The retractable skeg is a great feature that enables the boat to track beautifully. The only problem here is with use in saltwater the wire connecting to the skeg regularly binds making the skeg unworkable. We've tried everything, set the boat to the factory, replaced the while skeg unit and its still requires constant maintenance.
While my wife still loves the way the boat paddles she wishes she'd take the dealer up years ago on his offer to replace the boat with another model.
I am a 5'2 woman of normal weight. This is my fourth kayak, all of which have been different widths. The one prior to this was the same length and one inch wider. What a difference that inch makes, along with the other differences in the design of the Mystic. I sit in the others to paddle--I *wear* the Mystic, it's like an extension of my body ("fits like a glove" is often used to describe the feel of the Mystic). This must be a large part of why it feels so stable to me, and felt that way from the first time I put it in water. There was literally no adjustment period with this kayak, no learning curve. THIS is what a kayak is supposed to feel like!
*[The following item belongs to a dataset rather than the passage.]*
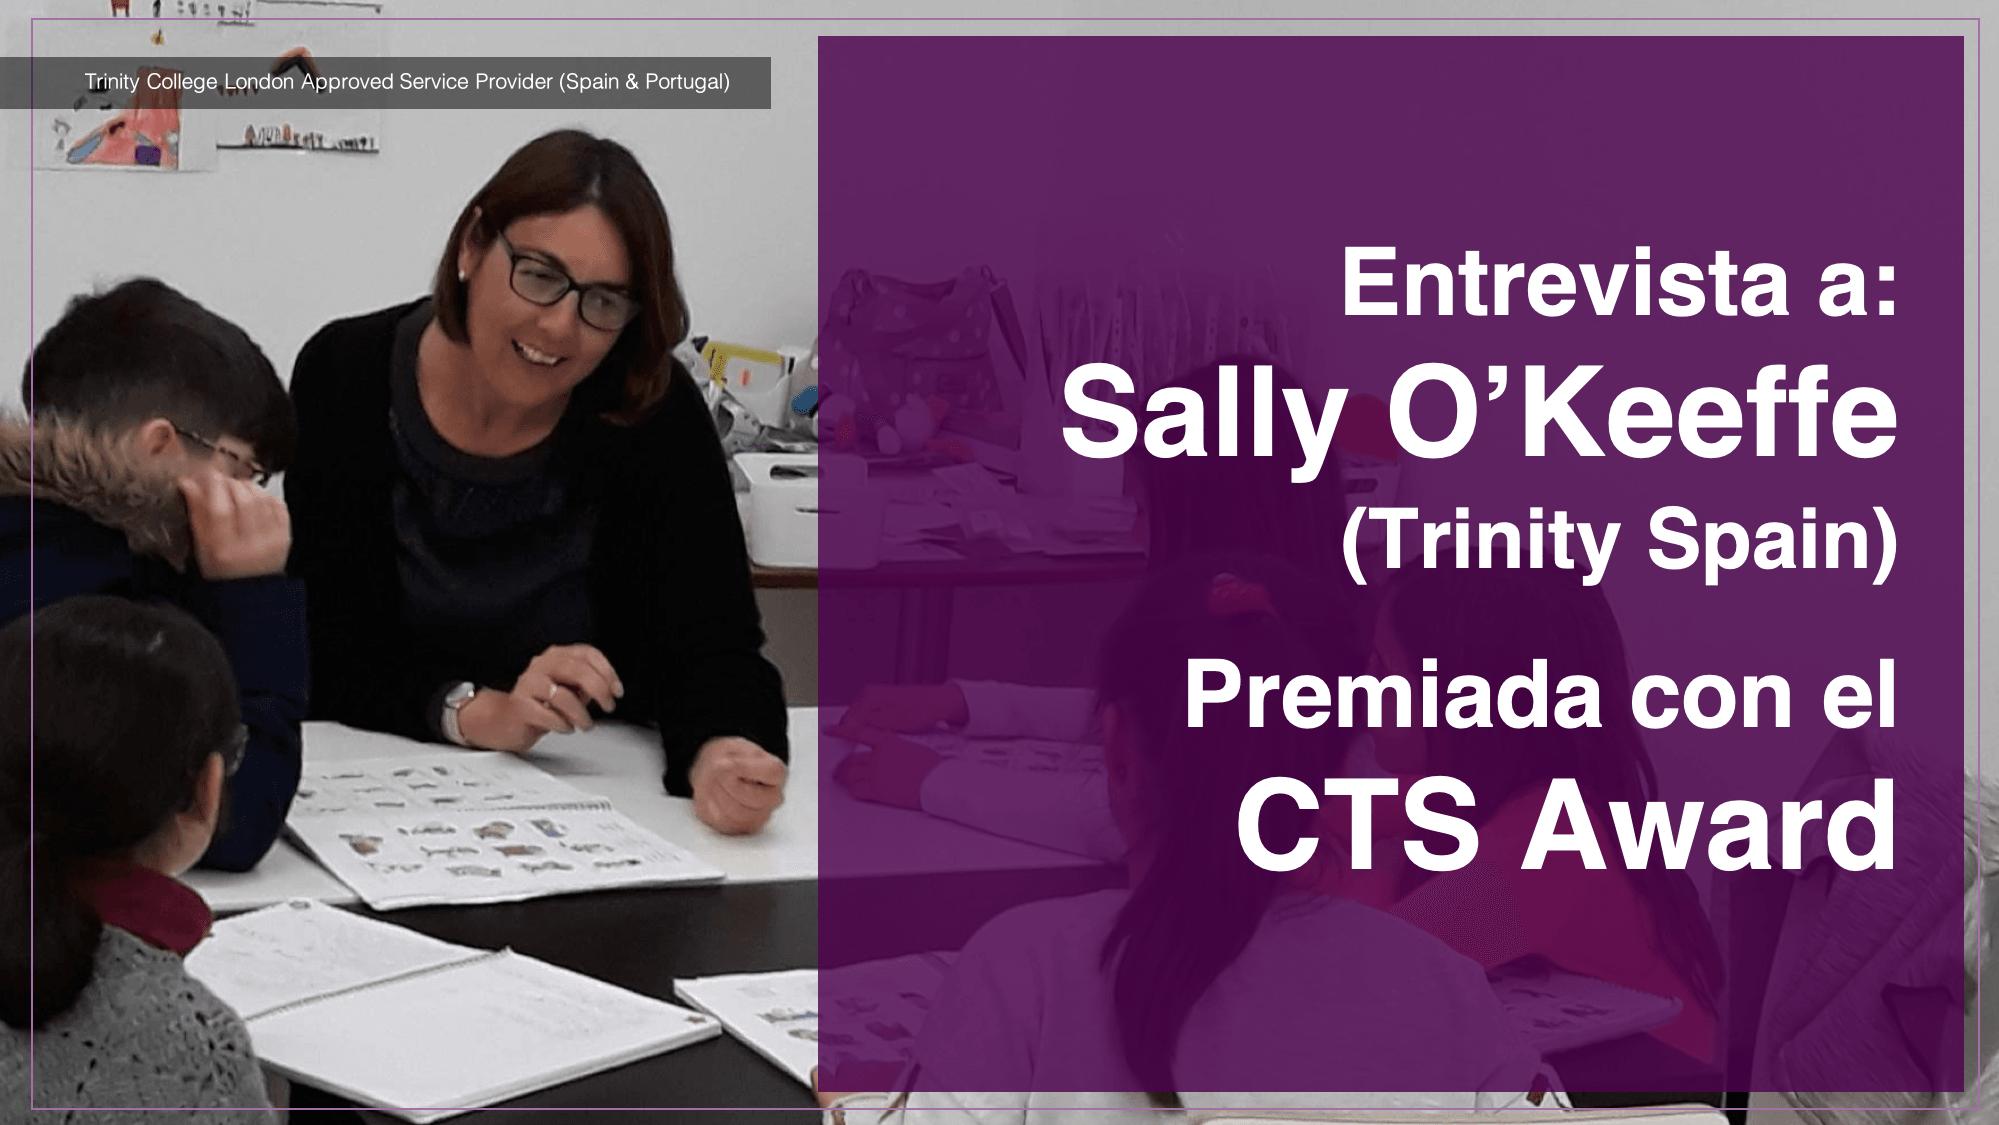 Entrevista a: Sally O'Keeffe (Trinity Spain) Premiada con el CTS Award
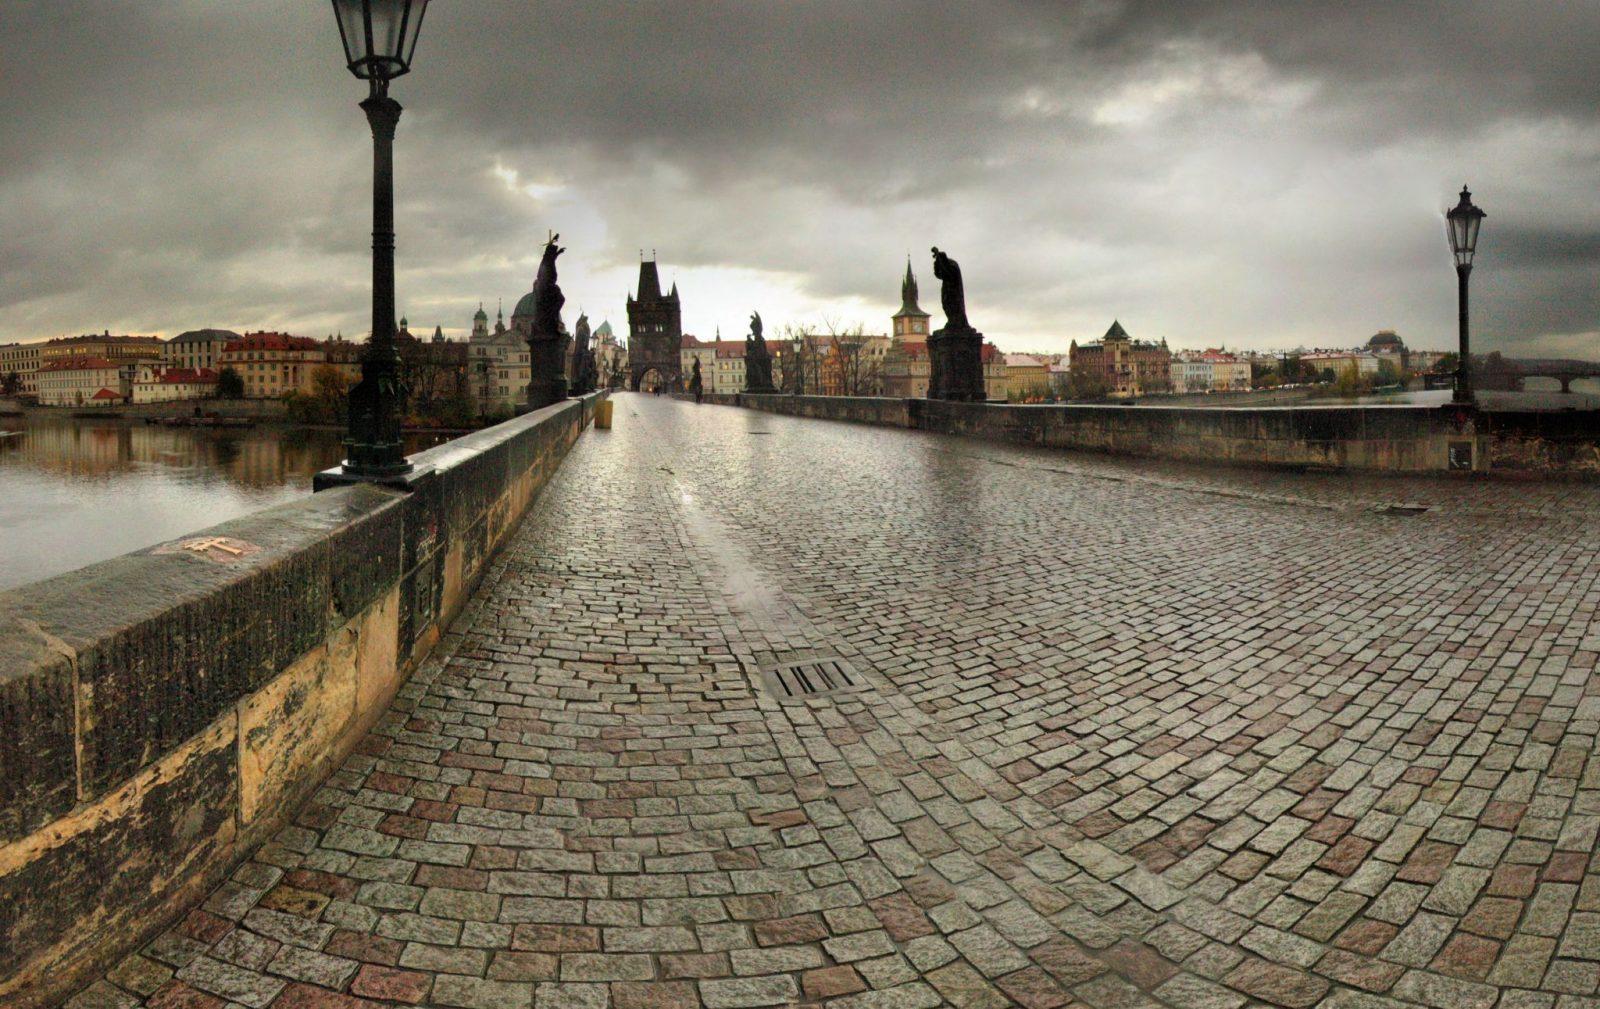 Charles Bridge, Prague. Photo by Panoramas via Flickr CC

This is the only kayak in which I have been able to make use of the thigh braces. In every other one, it has been like sitting in the center of a couch and finding the arms of the couch to be so far away as to be useless, and then moving to a narrow easy chair with the arms nestled on either side of you. Oh, so this is how thigh braces work! And the Mystic's are padded underneath, just one of many details that make this a kayaker's dream boat.
As for performance, this is one very speedy little 14' craft. It laughs at river current as it effortlessly slices through it. It has an easily-deployed skeg for use in windy conditions (I haven't yet needed it). The seat back is perfectly positioned for comfort and support. Which brings me to one of my favorite aspects of this boat. I have been kayaking for about 3 years, this is my 4th kayak. In every other kayak, I have suffered from what I refer to as "kayak butt"--a condition that causes my right hip through the back of my right thigh to become increasingly uncomfortable after 30-40 minutes on the water--to the point of pain if I do not find a place to get out and stretch. I have attributed this to an old bout of sciatica and assumed it was part of the kayaking experience for me. My paddling trips were limited to places that offered stopping points at which to stretch and relieve this discomfort. I was very pleasantly surprised (this is an understatement!) to find that I can paddle the Mystic for 4 hours without getting out and not feel one trace of "kayak butt." It's taken several trips to get used to not always seeking a stopping point--it has also enabled me to paddle the four miles to the top of my favorite river and back, something I could never do before because of the lack of places to get off the water to stretch. It must be the seat dynamics--whatever it is, this has changed kayaking for me.
It sits low in the water; the boat is 11" deep rather than the 15" I have become used to in my other kayaks. I like this very much and I think it contributes to the stability.
The Mystic is a pricey boat but if you can handle the cost and you fit the size recommendation (80-190 lbs), I can't possibly recommend it enough--it's worth every penny of the cost (even at full price!). I'd also like to mention the unbelievably friendly customer service you will get from Impex, which is based in NC. Ask them anything via email and you will receive a reply almost immediately. Their website has a message board that is monitored by the owners, unlike other kayak sites that are left to fend for themselves.
My kayak buying days are over; in my opinion you just can't do better than the Mystic. And if you don't fit the size or weight requirements, I suggest you look into other Impex models. These people know how to build kayaks.